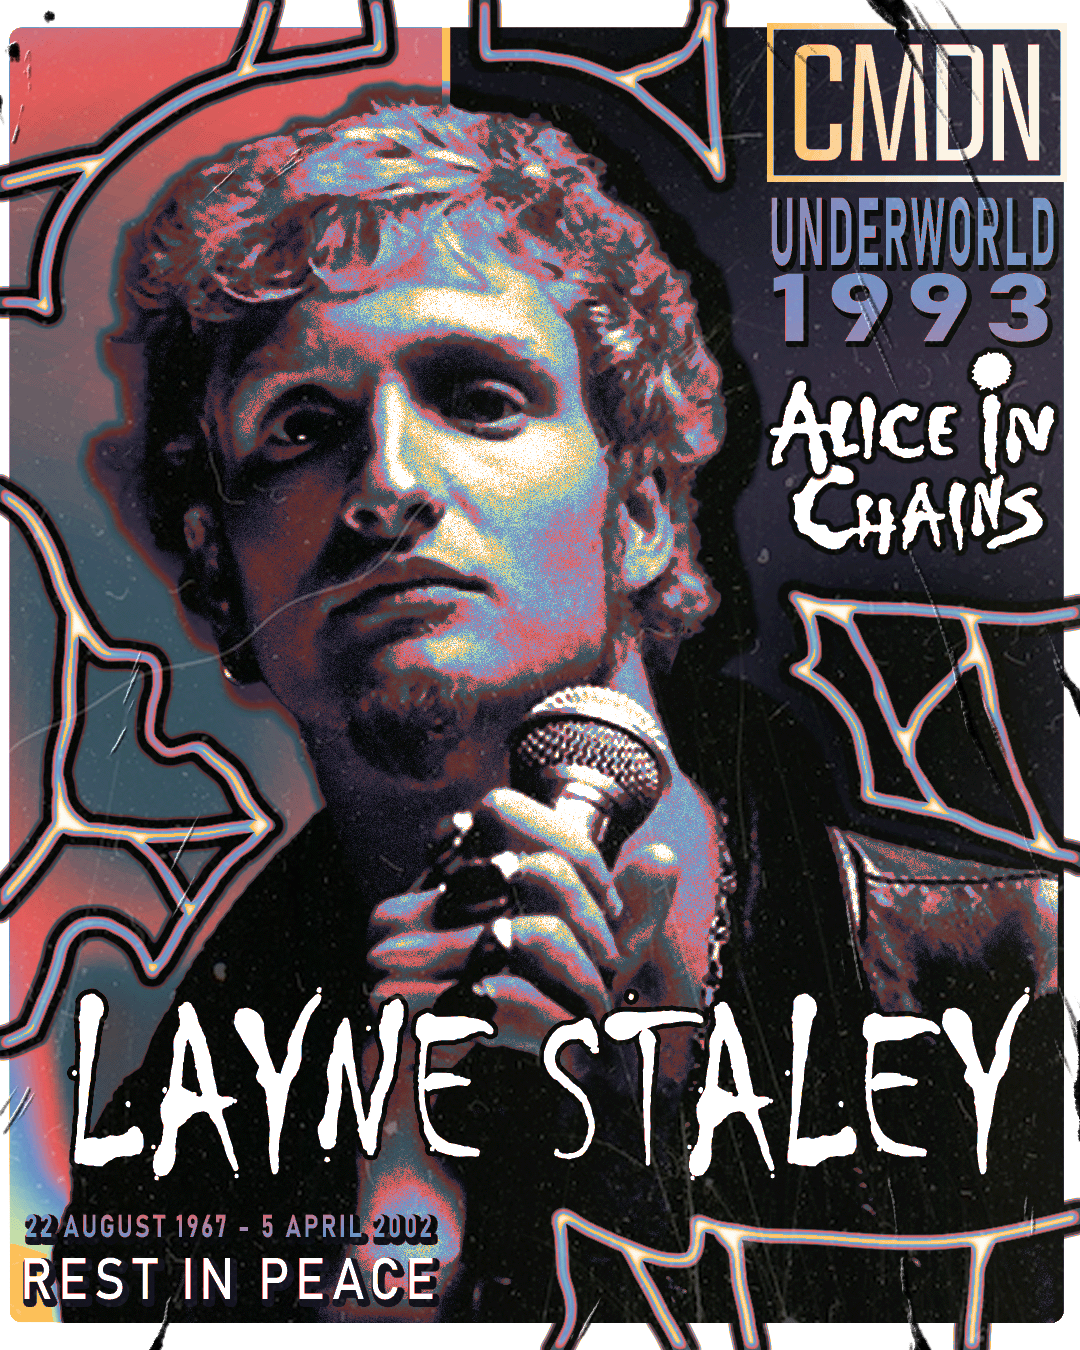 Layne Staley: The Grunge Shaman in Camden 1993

************

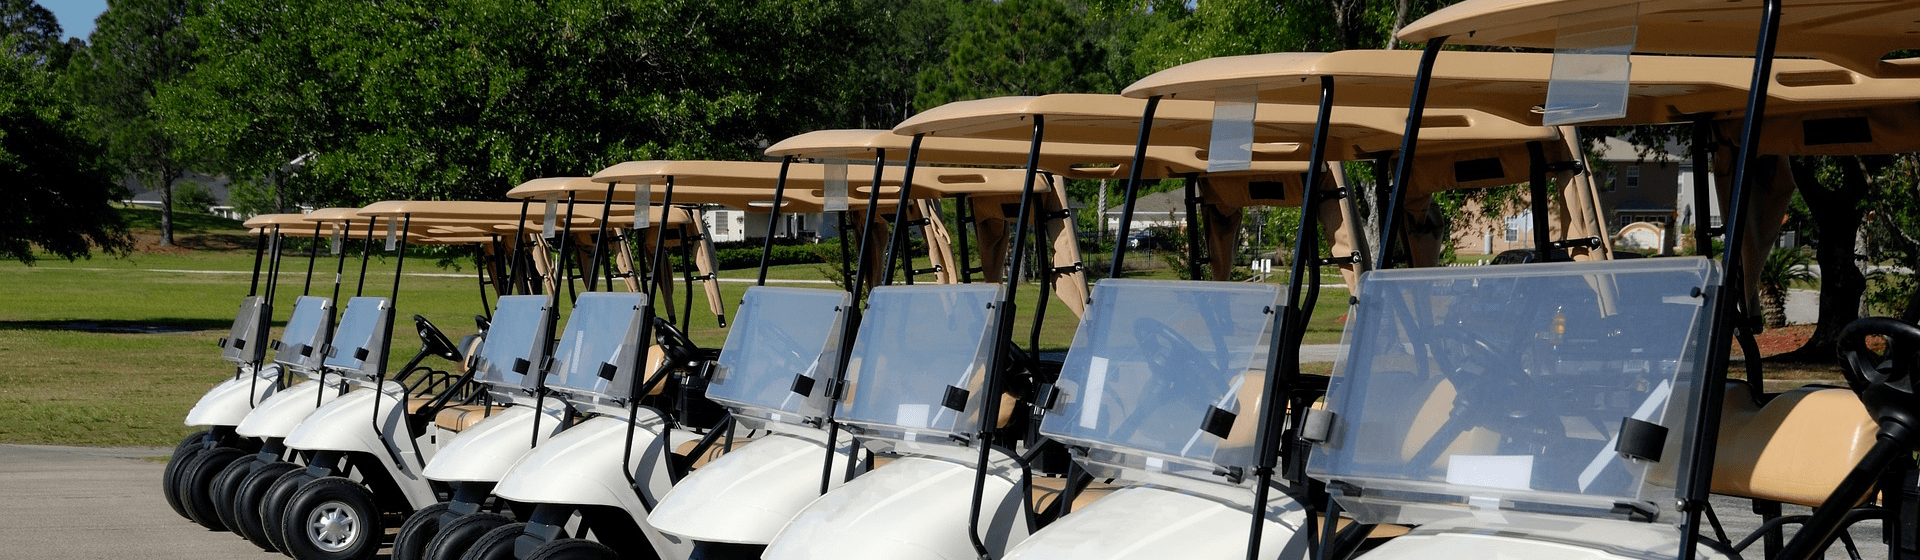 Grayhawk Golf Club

************

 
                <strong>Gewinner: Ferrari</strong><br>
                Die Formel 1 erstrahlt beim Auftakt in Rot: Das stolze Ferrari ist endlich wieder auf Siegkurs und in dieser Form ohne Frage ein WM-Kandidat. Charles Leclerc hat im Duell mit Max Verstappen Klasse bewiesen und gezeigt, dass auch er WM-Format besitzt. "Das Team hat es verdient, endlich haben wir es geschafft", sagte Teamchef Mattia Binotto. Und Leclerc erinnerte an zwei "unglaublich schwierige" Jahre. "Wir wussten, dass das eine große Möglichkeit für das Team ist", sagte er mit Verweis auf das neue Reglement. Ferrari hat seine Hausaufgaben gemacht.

************

▶ [EXERCISE DIRECTIONS] Find where the line with "<strong>Gewinner: Ferrari</strong><br>" sits in the material above, then copy exactly from it through the line with "Die Formel 1". Add no other line.

▶ [RESPONSE TO THIS EXERCISE]
                <strong>Gewinner: Ferrari</strong><br>
                Die Formel 1 erstrahlt beim Auftakt in Rot: Das stolze Ferrari ist endlich wieder auf Siegkurs und in dieser Form ohne Frage ein WM-Kandidat. Charles Leclerc hat im Duell mit Max Verstappen Klasse bewiesen und gezeigt, dass auch er WM-Format besitzt. "Das Team hat es verdient, endlich haben wir es geschafft", sagte Teamchef Mattia Binotto. Und Leclerc erinnerte an zwei "unglaublich schwierige" Jahre. "Wir wussten, dass das eine große Möglichkeit für das Team ist", sagte er mit Verweis auf das neue Reglement. Ferrari hat seine Hausaufgaben gemacht.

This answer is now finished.